With the pictures left out, transcribe exactly the lines from the one with "a view of a" through the end of the data.

**Recorded information:**
····················
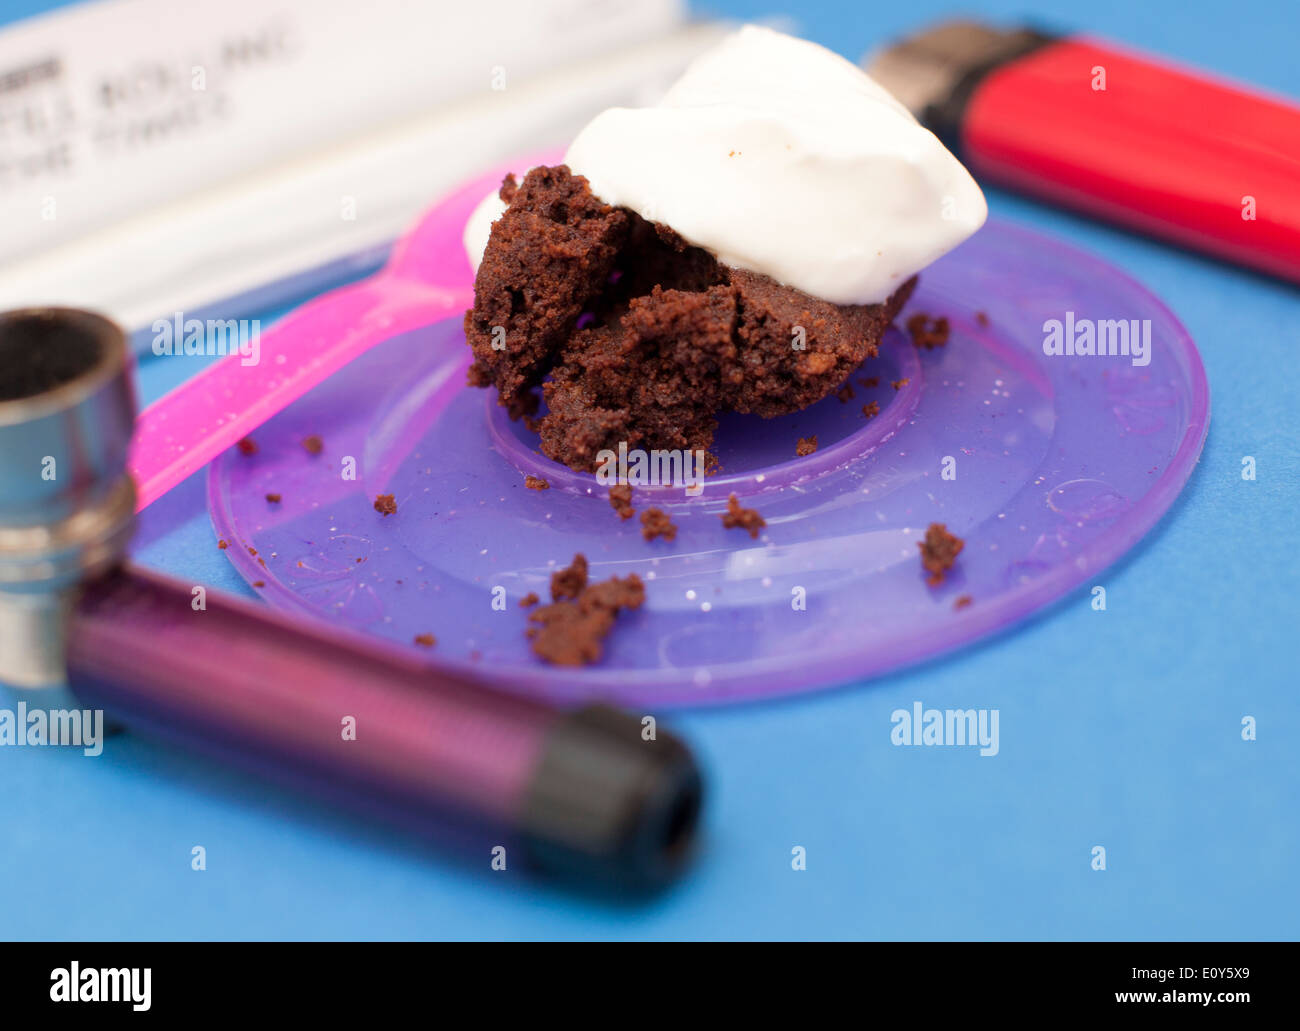 Hash Brownie or Space Cake topped with creme fraiche framed by smoking paraphernalia, London Stock Photo
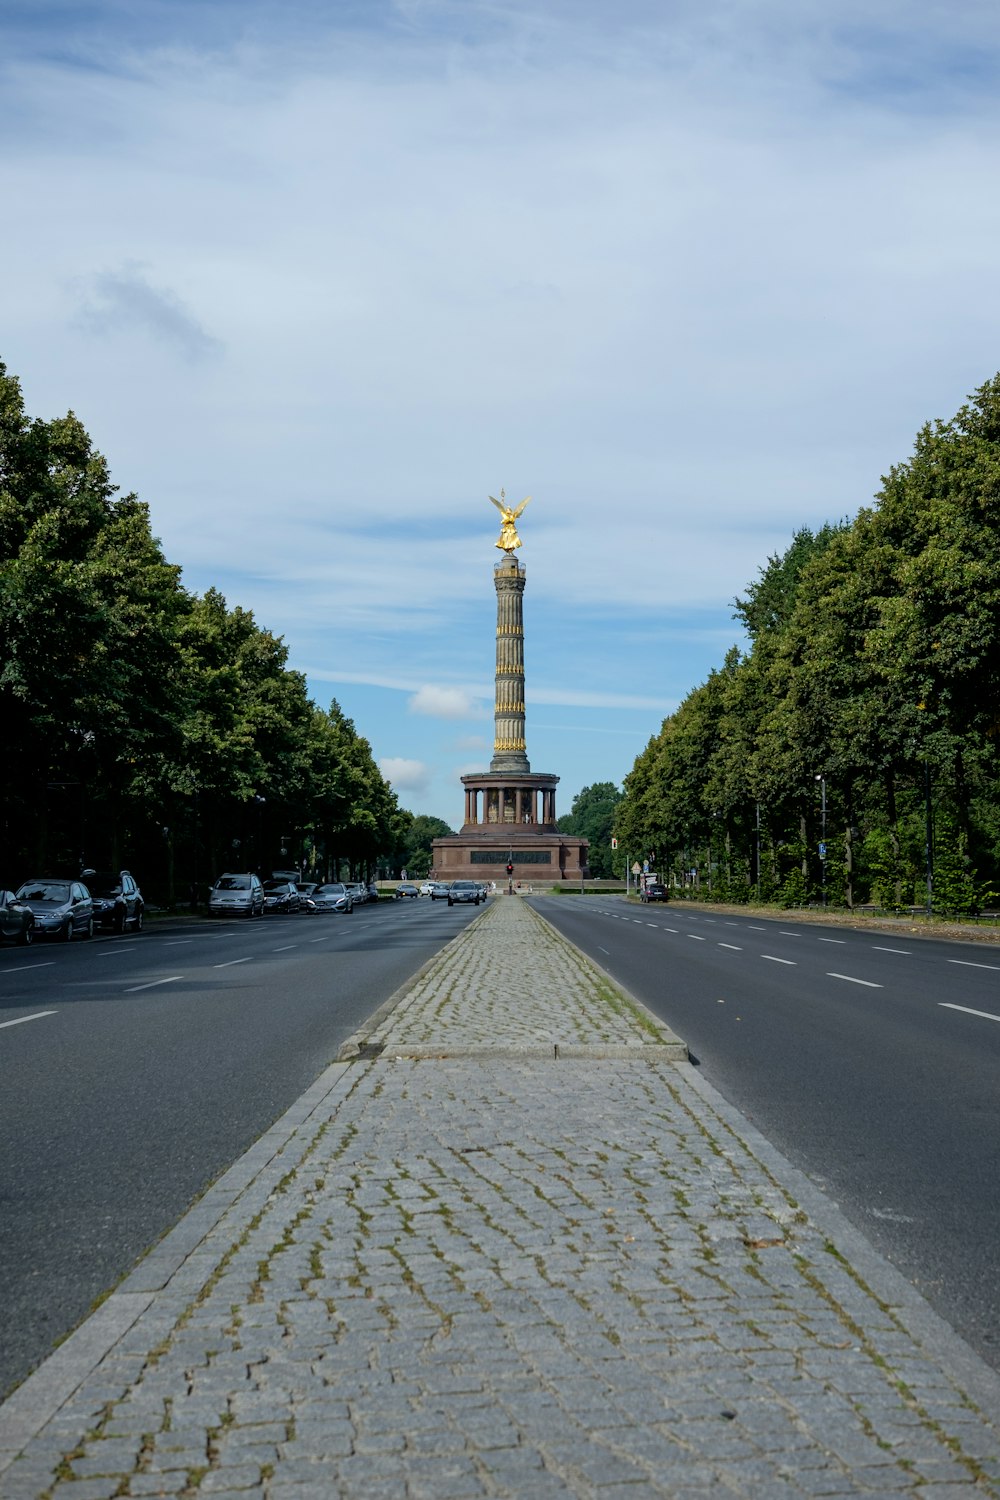 a view of a street with a monument in the background
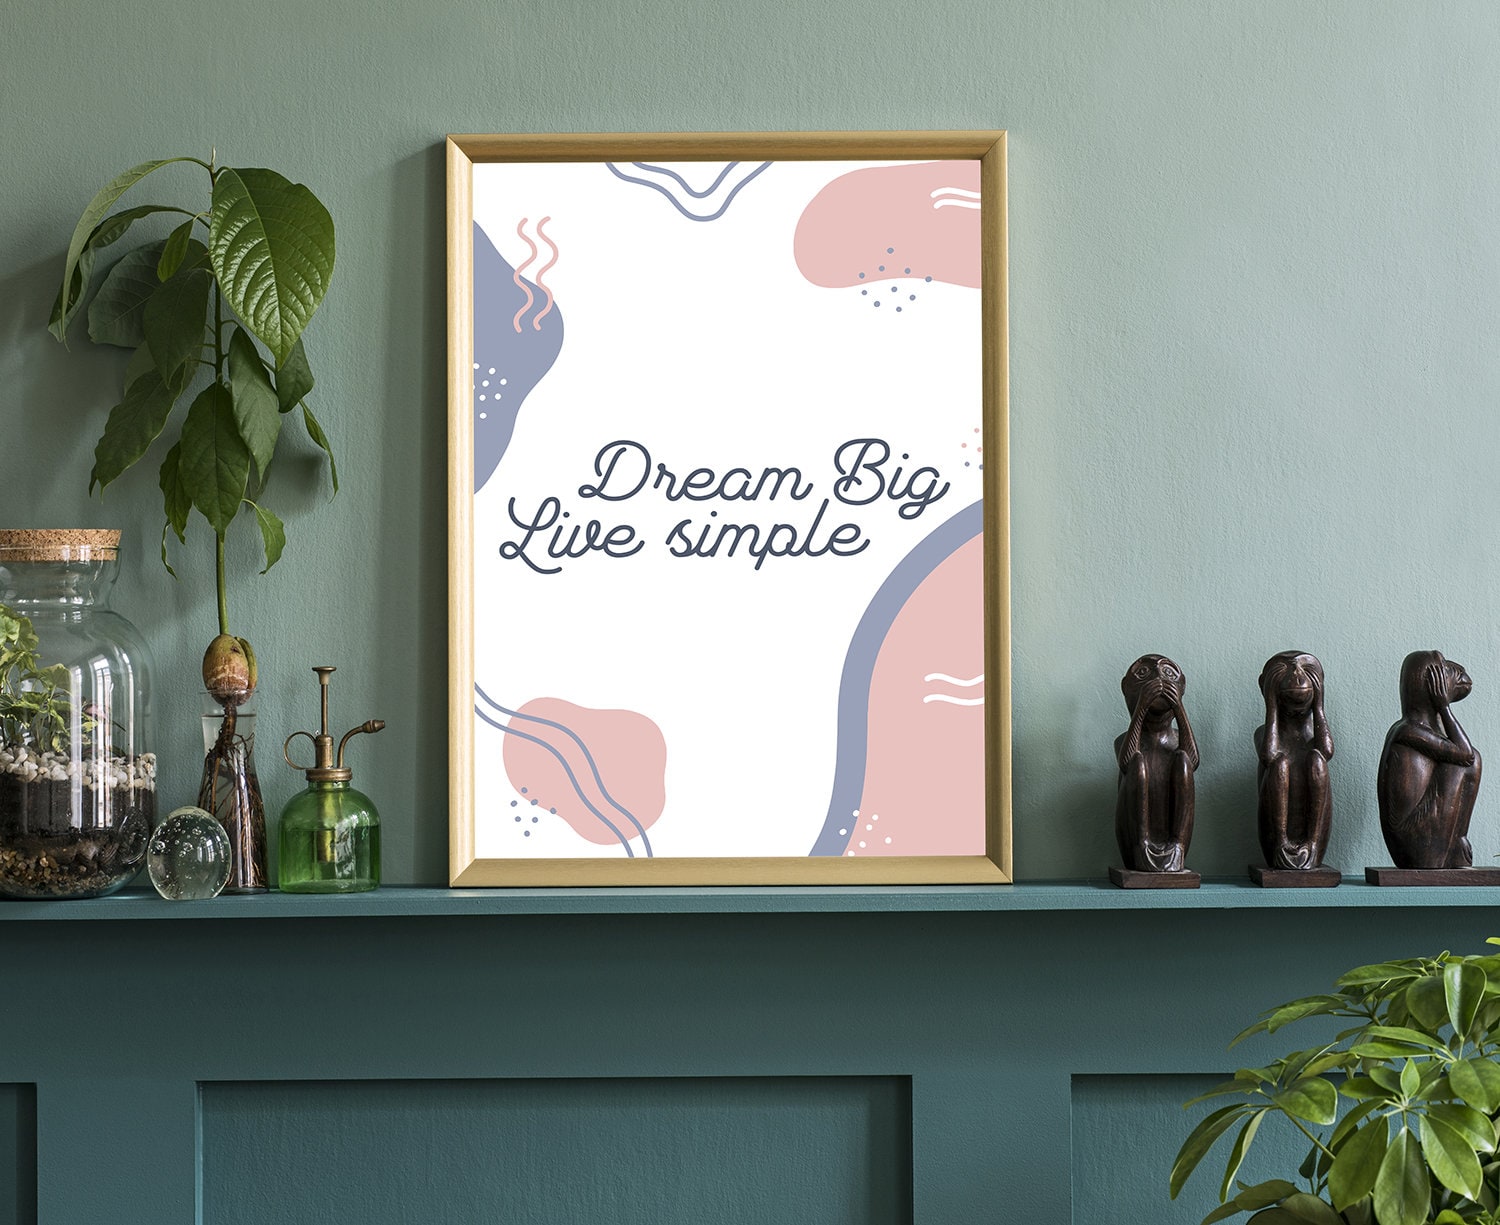 Dream Big Live Simple, Poster Prints, Modern Poster prints, Home wall Art Prints, Dorm Rooms wall art, Office wall decor, Motivational quote
····················
**Result for this task:**
 a view of a street with a monument in the background
 Dream Big Live Simple, Poster Prints, Modern Poster prints, Home wall Art Prints, Dorm Rooms wall art, Office wall decor, Motivational quote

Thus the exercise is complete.